244 Balanced Ternary Calculator
244 : 0b 011 110 100 : Balanced Ternary Calculator
- Author: Steven Bos
- Description: A 2-trit async balanced ternary calculator allowing multiplication, addition and subtraction with negative numbers in binary encoded ternary
- GitHub repository
- HDL project
- Extra docs
- Clock: 0 Hz
- External hardware: none, but all files needed for testing on Basys3 FPGA are included
How it works
This chip is a 2-trit asynchronous balanced ternary calculator having 2 functions: multiplication and addition/subtraction (which is one function in balanced ternary). It demonstrates how to build ternary logic with binary transistors using binary encoded ternary (BET). 1-trit (3 values) is thus encoded in 2-bits (4 values, 1 is ignored).

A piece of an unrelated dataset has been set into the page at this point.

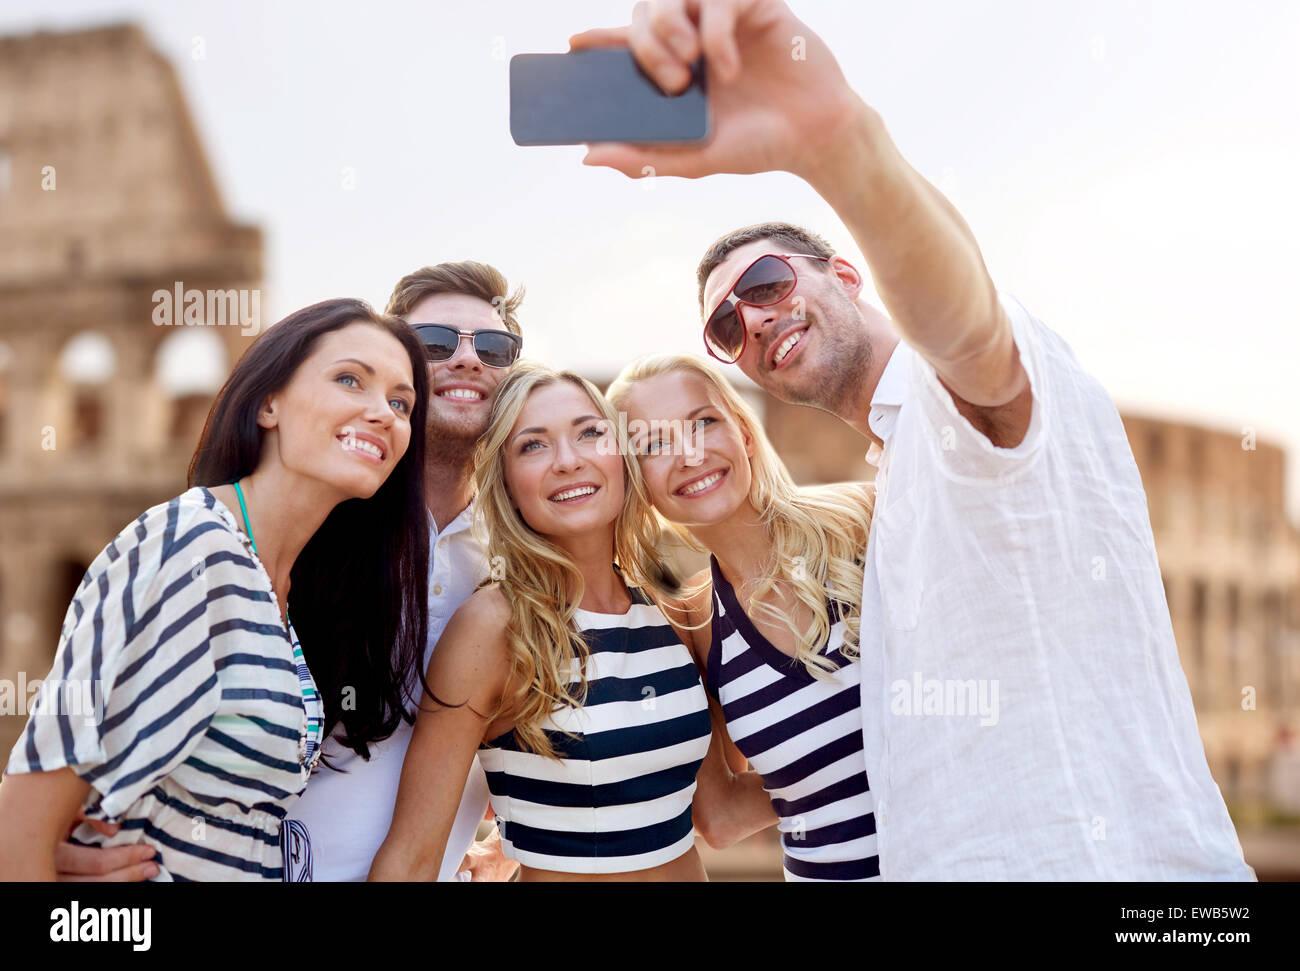 Les amis de prendre avec le smartphone selfies Photo Stock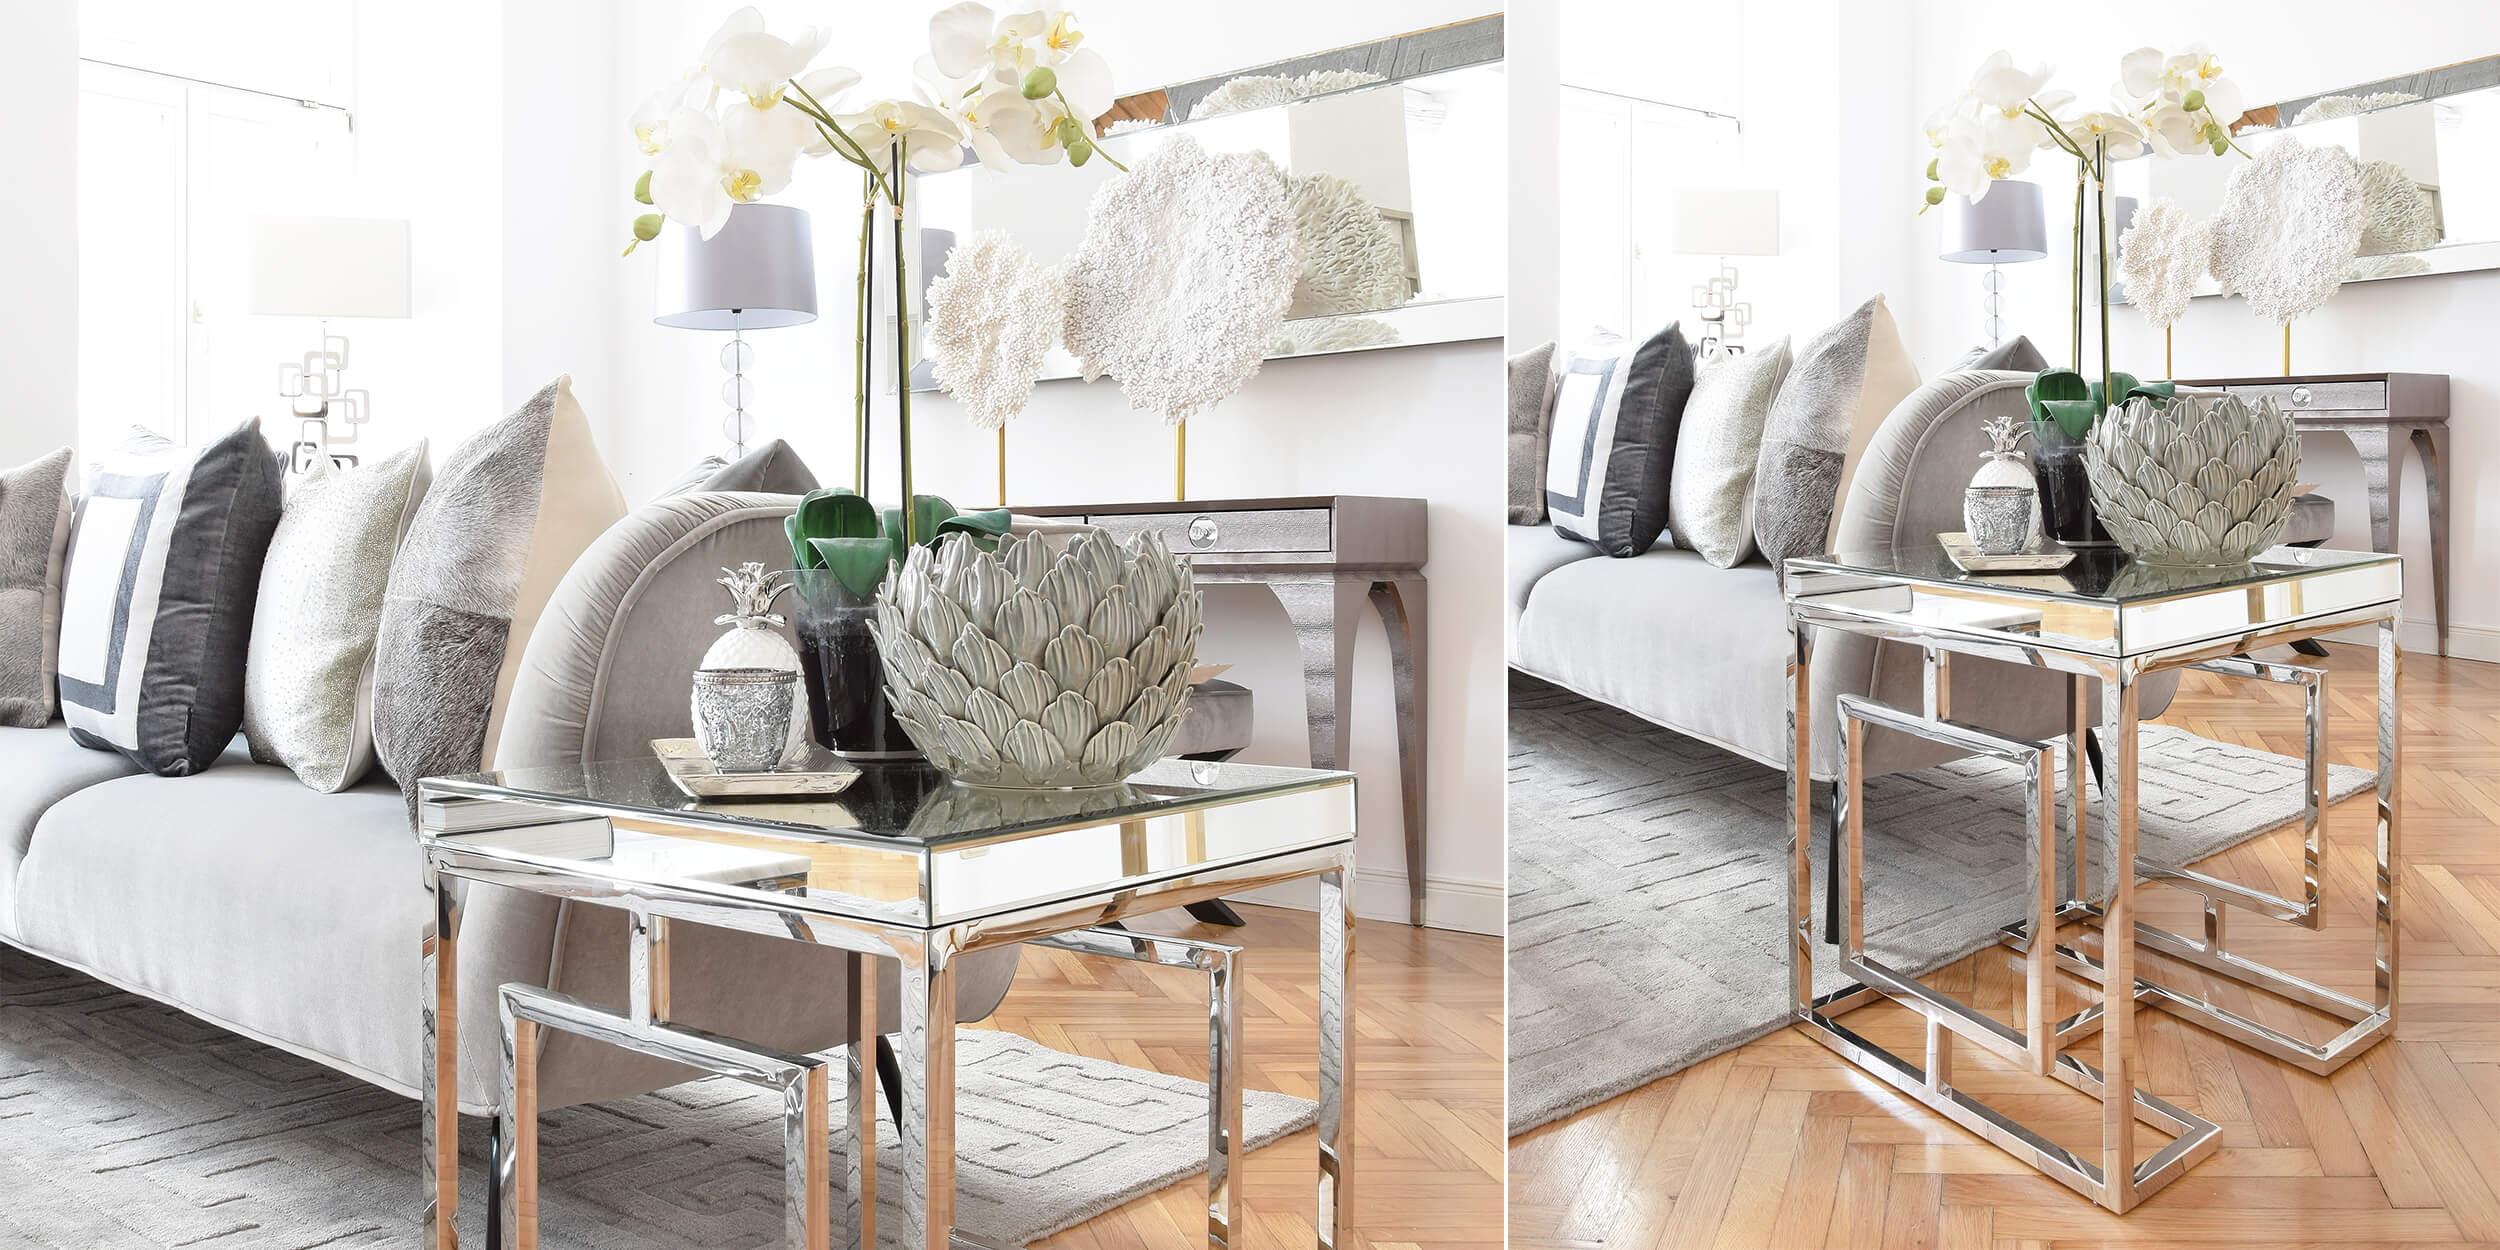 wohnzimmer deko rosa grau weiss – caseconrad

This inefficient encoding is neccesary since current CMOS processes can only construct binary transistors. Despite this inefficiency, there are several benefits on various levels. We use balanced ternary notation meaning that each trit contains -1, 0 and +1. This allows balanced arithmethic with negative numbers without any special circuitry or convention (eg. 2’s complement). Typically designing ternary logic is cumbersome. The open source tool MRCS works with binary and ternary and mixed truth tables (TT) that automatically convert to netlist and verilog. This means a designer does not need to think in binary when making ternary logic. The design can be verified 1) manually in the tool, 2) automated by uploading a CSV with TT input-output pairs, 3) by using Vivado verilog simulator (test bench is included), 4) by deploying on FPGA (constraint file for Xilinx Basys3 is included) or 5) by using HSPICE for analog verification. The HSPICE verification is currently using 3 types of carbon nanotubes transistors (CNTFET) as technology as these are designed for ternary signals. Future versions of MRCS will integrate the various SPICE libs from the Sky130 open PDK.
How to test
Included is a c_TT3_BTCalculator_tb file containing a test bench for simulation in a verilog simulator (eg. Vivado). The test bench shows how the chip can select either the balanced ternary multiplier function using x1 (io_in[7:6]) being logical -1 (encoded as 2’b01) or the balanced ternary adder function using x1 being logical 0 (encoded as 2’b11) or logical 1 (encoded as 2’b10). Note that this version shares input x1 with the selector function meaning that some numbers can not be computed in a certain function despite the functionality being present. One example (for other see the test bench file) in balanced ternary notation: X= – Y= – meaning -4 * -4 = 16. This is encoded as 01 01 01 01 with MSB being the first bit and corresponding to io_in[7]. This means that all inputs are -1 resulting in (-1* 3^1) + (-1 * 3^0) = -3 + -1 = -4. The output is 10 01 01 10 decoded as 1 -1 -1 1 meaning (1* 3^3) + (-1 * 3^3) + (-1* 3^1) + (1 * 3^0) = 27 -9 -3 +1 = 16
IO
| # | Input | Output |
|---|---|---|
| 0 | io_in[7] input x1 MSB (reused as function selector, eg 2’b01 = -1 (multiply), while 2’b11 and 2’b10 = 0 and 1 (both add/subtract) | io_in[7] output s3 MSB (this is the most significant bit and using the balanced ternary positional system means either (3^3)*-1 = -27, (3^3)*0 = 0 or (3^3)*1 = 27 |
| 1 | io_in[6] input x1 LSB | io_in[6] output s3 LSB |
| 2 | io_in[5] input x0 | io_in[5] output s2 MSB (3^2)*-1 = -9, (3^2)*0 = 0 or (3^2)*1 = 9 |
| 3 | io_in[4] input x0 | io_in[4] output s2 LSB |
| 4 | io_in[5] input y1 (this is the most significant bit of input Y meaning (3^1)*-1 = -3, (3^1)*0 = 0 or (3^1)*1 = 3 | io_in[3] output s1 MSB (3^1)*-1 = -3, (3^1)*0 = 0 or (3^1)*1 = 3 |
| 5 | io_in[5] input y1 | io_in[2] output s1 LSB |
| 6 | io_in[5] input y0 (3^0)*-1 = -1, (3^0)*0 = 0 or (3^0)*1 = 1 | io_in[1] output s0 MSB (3^0)*-1 = -1, (3^0)*0 = 0 or (3^0)*1 = 1 |
| 7 | io_in[5] input y0 | io_in[0] output s0 LSB |